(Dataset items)
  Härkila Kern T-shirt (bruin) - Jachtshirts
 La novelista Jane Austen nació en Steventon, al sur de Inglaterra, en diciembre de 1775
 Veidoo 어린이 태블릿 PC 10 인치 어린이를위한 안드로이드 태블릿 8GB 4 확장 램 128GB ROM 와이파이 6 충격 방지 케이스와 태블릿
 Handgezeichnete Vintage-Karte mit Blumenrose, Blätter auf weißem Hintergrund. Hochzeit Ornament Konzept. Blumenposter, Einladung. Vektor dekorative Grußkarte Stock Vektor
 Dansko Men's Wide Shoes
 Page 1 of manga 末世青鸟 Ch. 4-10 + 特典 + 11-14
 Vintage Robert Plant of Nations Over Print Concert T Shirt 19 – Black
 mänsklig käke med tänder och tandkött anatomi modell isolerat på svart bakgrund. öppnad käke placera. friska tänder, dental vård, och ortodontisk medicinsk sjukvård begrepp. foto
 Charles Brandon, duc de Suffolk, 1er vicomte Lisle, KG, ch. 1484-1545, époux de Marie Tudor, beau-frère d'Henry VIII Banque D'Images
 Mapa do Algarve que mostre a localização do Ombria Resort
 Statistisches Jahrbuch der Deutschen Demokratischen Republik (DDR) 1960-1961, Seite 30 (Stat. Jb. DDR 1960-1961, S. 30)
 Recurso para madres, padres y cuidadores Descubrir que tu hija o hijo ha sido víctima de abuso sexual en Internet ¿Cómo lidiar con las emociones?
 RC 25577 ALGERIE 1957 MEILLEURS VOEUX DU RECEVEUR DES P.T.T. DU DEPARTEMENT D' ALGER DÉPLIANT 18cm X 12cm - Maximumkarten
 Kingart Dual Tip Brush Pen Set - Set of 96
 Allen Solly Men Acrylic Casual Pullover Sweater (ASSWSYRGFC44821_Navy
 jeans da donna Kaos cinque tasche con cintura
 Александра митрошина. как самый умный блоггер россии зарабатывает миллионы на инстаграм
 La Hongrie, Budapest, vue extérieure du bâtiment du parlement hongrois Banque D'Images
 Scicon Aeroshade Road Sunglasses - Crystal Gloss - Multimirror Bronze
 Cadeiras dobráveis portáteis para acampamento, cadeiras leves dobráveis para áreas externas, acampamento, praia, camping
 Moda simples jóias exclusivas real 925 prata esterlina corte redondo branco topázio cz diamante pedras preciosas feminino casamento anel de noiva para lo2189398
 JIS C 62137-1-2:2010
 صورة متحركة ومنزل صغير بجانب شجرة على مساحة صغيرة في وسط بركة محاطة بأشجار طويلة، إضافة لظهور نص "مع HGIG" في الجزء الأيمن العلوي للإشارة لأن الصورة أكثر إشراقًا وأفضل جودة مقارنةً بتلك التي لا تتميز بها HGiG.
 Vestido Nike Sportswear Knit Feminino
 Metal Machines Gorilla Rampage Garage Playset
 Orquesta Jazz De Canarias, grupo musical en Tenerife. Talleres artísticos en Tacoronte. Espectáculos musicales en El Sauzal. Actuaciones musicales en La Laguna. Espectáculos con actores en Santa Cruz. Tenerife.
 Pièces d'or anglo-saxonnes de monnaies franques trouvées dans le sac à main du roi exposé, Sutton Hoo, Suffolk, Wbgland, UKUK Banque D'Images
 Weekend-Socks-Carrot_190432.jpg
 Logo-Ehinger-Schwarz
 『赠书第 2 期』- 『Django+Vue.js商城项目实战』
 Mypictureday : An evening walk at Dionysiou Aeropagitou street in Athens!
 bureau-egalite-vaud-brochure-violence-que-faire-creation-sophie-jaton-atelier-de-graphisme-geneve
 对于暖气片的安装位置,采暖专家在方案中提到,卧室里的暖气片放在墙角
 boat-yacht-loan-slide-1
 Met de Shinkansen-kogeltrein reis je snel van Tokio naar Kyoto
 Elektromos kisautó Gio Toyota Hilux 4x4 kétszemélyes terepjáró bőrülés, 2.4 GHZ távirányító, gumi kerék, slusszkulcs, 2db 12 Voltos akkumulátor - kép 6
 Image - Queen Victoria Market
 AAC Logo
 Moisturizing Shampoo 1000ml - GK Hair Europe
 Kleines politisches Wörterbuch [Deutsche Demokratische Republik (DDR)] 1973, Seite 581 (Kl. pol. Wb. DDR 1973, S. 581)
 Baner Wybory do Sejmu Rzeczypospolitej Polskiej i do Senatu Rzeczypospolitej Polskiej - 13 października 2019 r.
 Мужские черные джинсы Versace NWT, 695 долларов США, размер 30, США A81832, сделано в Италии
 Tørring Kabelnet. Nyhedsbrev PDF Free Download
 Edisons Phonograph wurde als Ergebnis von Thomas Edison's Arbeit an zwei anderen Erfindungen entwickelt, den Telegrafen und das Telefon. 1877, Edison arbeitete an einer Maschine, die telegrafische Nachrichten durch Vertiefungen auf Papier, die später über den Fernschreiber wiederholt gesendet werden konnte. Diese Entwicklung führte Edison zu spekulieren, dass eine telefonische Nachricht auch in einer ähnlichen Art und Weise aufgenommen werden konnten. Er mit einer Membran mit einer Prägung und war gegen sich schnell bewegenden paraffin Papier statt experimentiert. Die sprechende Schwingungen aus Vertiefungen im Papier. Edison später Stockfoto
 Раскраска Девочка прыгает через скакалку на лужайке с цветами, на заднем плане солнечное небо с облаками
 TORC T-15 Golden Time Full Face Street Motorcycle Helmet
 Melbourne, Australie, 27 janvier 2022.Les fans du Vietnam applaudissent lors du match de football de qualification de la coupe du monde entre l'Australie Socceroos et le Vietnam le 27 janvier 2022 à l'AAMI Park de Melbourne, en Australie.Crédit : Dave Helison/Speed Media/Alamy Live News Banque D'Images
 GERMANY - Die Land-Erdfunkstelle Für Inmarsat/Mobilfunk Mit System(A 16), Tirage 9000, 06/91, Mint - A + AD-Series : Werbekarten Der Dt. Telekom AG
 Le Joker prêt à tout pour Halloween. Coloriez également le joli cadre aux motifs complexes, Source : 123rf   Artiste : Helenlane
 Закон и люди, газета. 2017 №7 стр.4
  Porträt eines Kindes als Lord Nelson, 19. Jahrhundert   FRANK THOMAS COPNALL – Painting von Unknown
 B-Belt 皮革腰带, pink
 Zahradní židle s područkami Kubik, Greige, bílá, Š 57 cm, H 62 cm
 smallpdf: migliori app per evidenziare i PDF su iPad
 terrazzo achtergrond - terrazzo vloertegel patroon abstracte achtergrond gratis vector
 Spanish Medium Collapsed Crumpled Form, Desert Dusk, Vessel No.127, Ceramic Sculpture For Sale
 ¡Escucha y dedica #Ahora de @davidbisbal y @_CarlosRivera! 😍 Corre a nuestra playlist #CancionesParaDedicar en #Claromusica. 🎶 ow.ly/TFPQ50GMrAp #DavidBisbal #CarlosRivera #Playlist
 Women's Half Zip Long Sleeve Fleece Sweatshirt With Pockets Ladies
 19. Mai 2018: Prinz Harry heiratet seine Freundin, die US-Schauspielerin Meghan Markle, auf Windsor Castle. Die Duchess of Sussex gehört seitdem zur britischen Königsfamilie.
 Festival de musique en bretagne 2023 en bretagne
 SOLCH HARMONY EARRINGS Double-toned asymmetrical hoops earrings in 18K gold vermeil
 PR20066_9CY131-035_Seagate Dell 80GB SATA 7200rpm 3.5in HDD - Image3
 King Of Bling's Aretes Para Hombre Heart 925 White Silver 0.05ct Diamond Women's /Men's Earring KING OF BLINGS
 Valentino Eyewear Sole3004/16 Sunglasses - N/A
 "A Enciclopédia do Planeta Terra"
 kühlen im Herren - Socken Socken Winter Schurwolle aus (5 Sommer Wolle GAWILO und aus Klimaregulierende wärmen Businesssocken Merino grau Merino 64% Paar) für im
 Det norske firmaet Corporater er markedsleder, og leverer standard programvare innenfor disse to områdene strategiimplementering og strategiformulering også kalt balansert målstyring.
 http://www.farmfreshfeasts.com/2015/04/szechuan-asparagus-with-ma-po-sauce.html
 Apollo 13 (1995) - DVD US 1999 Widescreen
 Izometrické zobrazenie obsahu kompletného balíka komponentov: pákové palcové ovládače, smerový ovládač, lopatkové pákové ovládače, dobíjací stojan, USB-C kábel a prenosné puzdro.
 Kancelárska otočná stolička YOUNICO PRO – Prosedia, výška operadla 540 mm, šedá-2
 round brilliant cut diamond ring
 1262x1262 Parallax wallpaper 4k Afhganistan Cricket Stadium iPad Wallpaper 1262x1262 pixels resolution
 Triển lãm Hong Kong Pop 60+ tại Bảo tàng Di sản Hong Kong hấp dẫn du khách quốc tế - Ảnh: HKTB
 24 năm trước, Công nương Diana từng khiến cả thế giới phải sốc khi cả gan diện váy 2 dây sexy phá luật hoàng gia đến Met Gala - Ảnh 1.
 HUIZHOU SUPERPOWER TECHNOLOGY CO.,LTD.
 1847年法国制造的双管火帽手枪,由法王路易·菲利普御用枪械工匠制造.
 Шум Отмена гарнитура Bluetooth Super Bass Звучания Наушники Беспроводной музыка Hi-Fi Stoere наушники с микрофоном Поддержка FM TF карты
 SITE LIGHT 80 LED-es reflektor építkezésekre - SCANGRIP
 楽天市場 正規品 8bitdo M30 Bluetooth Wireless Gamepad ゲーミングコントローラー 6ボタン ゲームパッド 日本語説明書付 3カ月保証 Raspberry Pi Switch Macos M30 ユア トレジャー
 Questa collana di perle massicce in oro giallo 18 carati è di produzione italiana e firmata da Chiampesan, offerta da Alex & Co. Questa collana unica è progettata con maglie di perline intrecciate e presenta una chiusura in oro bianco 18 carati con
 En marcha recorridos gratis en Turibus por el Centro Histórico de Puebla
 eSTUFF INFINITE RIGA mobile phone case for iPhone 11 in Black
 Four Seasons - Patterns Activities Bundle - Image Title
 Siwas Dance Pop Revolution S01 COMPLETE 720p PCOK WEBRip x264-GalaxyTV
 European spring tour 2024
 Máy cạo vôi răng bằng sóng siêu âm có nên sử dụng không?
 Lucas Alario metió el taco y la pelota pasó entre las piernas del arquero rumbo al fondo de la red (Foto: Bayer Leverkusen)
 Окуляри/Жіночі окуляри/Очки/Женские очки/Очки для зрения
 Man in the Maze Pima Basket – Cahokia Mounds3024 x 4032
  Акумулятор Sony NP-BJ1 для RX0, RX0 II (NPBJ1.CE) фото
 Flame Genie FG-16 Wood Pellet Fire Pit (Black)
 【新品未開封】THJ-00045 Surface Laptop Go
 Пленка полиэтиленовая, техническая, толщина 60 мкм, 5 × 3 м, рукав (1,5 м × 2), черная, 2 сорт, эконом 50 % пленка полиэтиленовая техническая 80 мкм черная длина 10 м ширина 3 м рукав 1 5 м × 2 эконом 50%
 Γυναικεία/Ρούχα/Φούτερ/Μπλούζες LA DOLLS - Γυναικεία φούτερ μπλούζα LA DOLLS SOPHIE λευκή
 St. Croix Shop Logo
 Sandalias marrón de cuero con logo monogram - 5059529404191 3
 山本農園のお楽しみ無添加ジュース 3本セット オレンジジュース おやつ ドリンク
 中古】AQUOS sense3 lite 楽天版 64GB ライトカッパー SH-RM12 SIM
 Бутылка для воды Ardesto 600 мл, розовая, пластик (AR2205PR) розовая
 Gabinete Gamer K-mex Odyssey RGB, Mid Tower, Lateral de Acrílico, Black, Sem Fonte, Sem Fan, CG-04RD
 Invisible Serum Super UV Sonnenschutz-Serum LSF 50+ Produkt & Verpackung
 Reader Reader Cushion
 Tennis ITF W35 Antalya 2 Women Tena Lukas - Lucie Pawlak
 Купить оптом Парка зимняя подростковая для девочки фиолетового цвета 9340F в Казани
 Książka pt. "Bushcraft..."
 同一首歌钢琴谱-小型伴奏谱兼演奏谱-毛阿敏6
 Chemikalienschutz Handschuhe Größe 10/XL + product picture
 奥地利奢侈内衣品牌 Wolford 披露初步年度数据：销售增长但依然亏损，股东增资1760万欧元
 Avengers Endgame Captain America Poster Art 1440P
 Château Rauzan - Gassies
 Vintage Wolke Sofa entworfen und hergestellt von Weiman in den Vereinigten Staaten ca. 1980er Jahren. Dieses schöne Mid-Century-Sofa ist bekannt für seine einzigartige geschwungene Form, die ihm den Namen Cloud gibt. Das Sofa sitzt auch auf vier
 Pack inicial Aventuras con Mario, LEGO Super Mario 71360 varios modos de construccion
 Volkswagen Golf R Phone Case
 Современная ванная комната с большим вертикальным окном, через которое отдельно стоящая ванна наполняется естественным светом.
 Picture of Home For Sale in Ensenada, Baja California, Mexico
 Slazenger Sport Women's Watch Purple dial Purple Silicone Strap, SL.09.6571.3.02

Task item: Look above for the line holding "European spring tour 2024". Print it and every line after it, exactly, through the line holding "Γυναικεία/Ρούχα/Φούτερ/Μπλούζες LA DOLLS".

Written response:
 European spring tour 2024
 Máy cạo vôi răng bằng sóng siêu âm có nên sử dụng không?
 Lucas Alario metió el taco y la pelota pasó entre las piernas del arquero rumbo al fondo de la red (Foto: Bayer Leverkusen)
 Окуляри/Жіночі окуляри/Очки/Женские очки/Очки для зрения
 Man in the Maze Pima Basket – Cahokia Mounds3024 x 4032
  Акумулятор Sony NP-BJ1 для RX0, RX0 II (NPBJ1.CE) фото
 Flame Genie FG-16 Wood Pellet Fire Pit (Black)
 【新品未開封】THJ-00045 Surface Laptop Go
 Пленка полиэтиленовая, техническая, толщина 60 мкм, 5 × 3 м, рукав (1,5 м × 2), черная, 2 сорт, эконом 50 % пленка полиэтиленовая техническая 80 мкм черная длина 10 м ширина 3 м рукав 1 5 м × 2 эконом 50%
 Γυναικεία/Ρούχα/Φούτερ/Μπλούζες LA DOLLS - Γυναικεία φούτερ μπλούζα LA DOLLS SOPHIE λευκή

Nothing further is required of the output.